Des chercheurs de l'Université Rockefeller ont identifié une interaction nocive entre la bêta-amyloïde et la fibrine qui forme des caillots tenaces, endommageant les vaisseaux sanguins du cerveau et provoquant une inflammation même à faible concentration. Ce complexe perturbe la barrière hémato-encéphalique et conduit à des signes précoces de neurodégénérescence. Ces découvertes suggèrent une nouvelle cible pour une intervention précoce dans la maladie d'Alzheimer.
Pendant des décennies, la maladie d'Alzheimer a été caractérisée par des plaques collantes et des protéines enchevêtrées dans le cerveau, les recherches récentes mettant en lumière le rôle des vaisseaux sanguins dans son développement. Malgré les progrès, les traitements efficaces restent insaisissables en raison des incertitudes dans la chaîne d'événements biologiques causant la perte de cellules cérébrales.
De nouvelles découvertes du Laboratoire de Neurobiologie et de Génétique Patricia et John Rosenwald à l'Université Rockefeller révèlent un partenariat dommageable entre la bêta-amyloïde (Aβ), connue pour former des plaques, et la fibrine, une protéine de coagulation sanguine. Lorsque l'Aβ se lie à la fibrine, elle crée des caillots résistants à la dégradation, menant à une inflammation et à des dommages vasculaires. Ce complexe Aβ/fibrine cause une perte de synapses, un gonflement cérébral et des fuites de la barrière hémato-encéphalique — des signes distinctifs de la maladie d'Alzheimer — même en très petites quantités.
"Il faut une plus grande quantité d'Aβ ou de fibrine seule pour causer des dommages graves dans le cerveau atteint d'Alzheimer", dit Erin Norris, professeure associée de recherche dans le laboratoire de Sidney Strickland. "Mais quand les deux se complexent ensemble, il suffit de très petites quantités de chacune pour causer des dommages. Il y a un effet synergique avec l'Aβ et la fibrine."
Le laboratoire a étudié ce lien depuis près de 20 ans. Des travaux antérieurs ont relié l'interaction à la progression de l'Alzheimer, une idée autrefois controversée mais maintenant soutenue par des avancées dans le domaine. Pour évaluer les dommages, les chercheurs ont appliqué de faibles concentrations du complexe sur des tranches de tissu cérébral de souris et sur des souris vivantes. Alors que les protéines individuelles causaient un préjudice minimal, la combinaison induisait des problèmes majeurs, y compris des fuites de la barrière hémato-encéphalique.

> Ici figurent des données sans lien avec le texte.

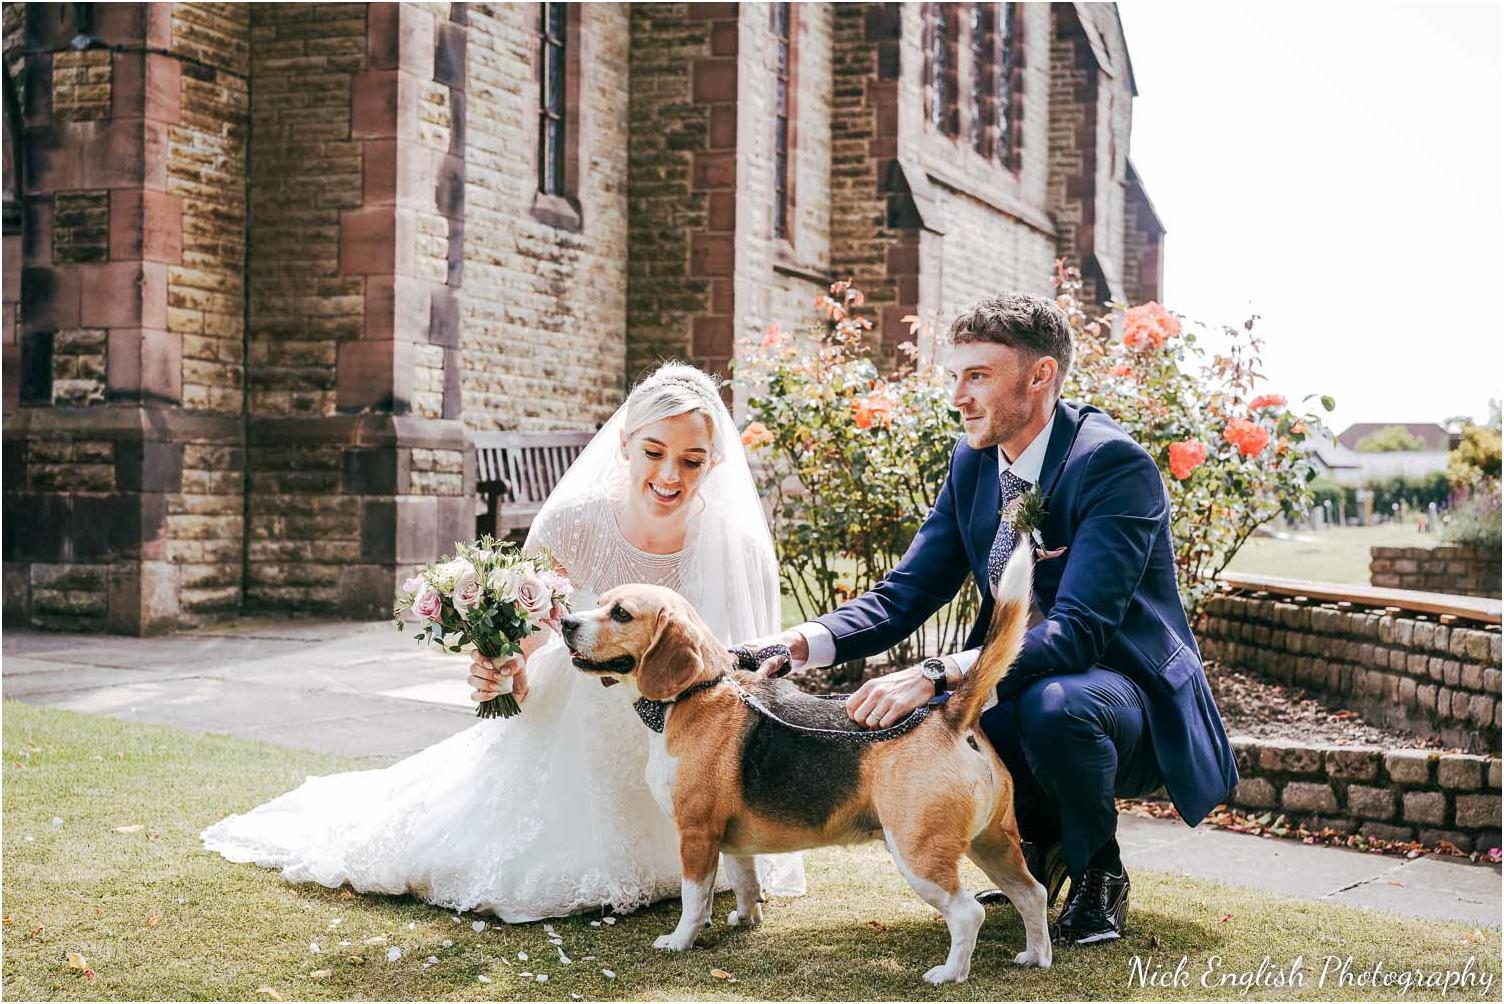 Mitton_Hall_Wedding_Photograph-59.jpg
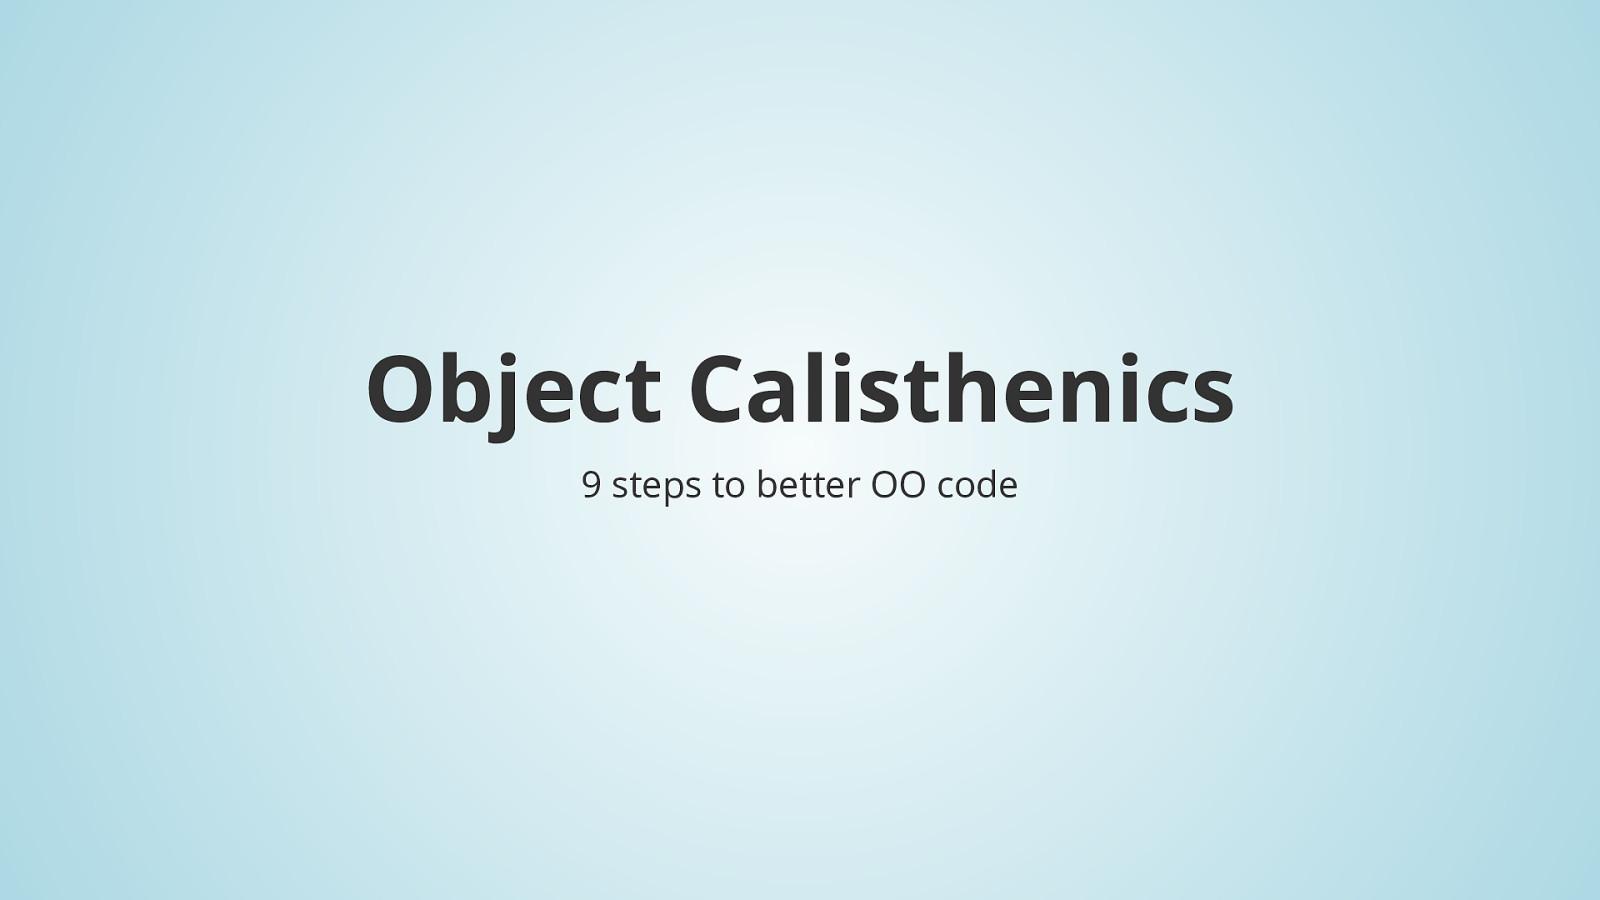 Object Calisthenics - 9 steps to better OO code

"Nous avons montré que le complexe induit effectivement des fuites de la barrière hémato-encéphalique, alors que les protéines seules ne le faisaient pas", dit la chercheuse associée Elisa Nicoloso Simões-Pires. "La perturbation de la barrière hémato-encéphalique permet aux protéines sanguines de traverser vers le cerveau, ce qui entraîne des dommages supplémentaires."
Des anticorps bloquant la liaison ont réduit les effets, confirmant le rôle du complexe. L'étude a combiné des méthodes in vitro et in vivo, produisant des résultats cohérents. Les souris exposées au complexe ont montré des niveaux élevés de phospho-tau181, un biomarqueur précoce de l'Alzheimer chez l'humain.
"Ce n'est pas une maladie simple", ajoute Simões-Pires. "De nombreux autres facteurs peuvent induire une neurotoxicité, et nous ne proposons certainement pas que l'inhibition de la formation de ce complexe guérirait l'AD. Mais cibler ce complexe pourrait peut-être atténuer certaines pathologies et être encore plus efficace en combinaison avec d'autres thérapies."
Ces insights pointent vers la contribution directe du dysfonctionnement vasculaire à la neurodégénérescence et des traitements précoces potentiels ciblant le complexe avant l'apparition des symptômes. La recherche paraît dans le journal Alzheimer's (2025 ; 21(5), DOI : 10.1002/alz.70119).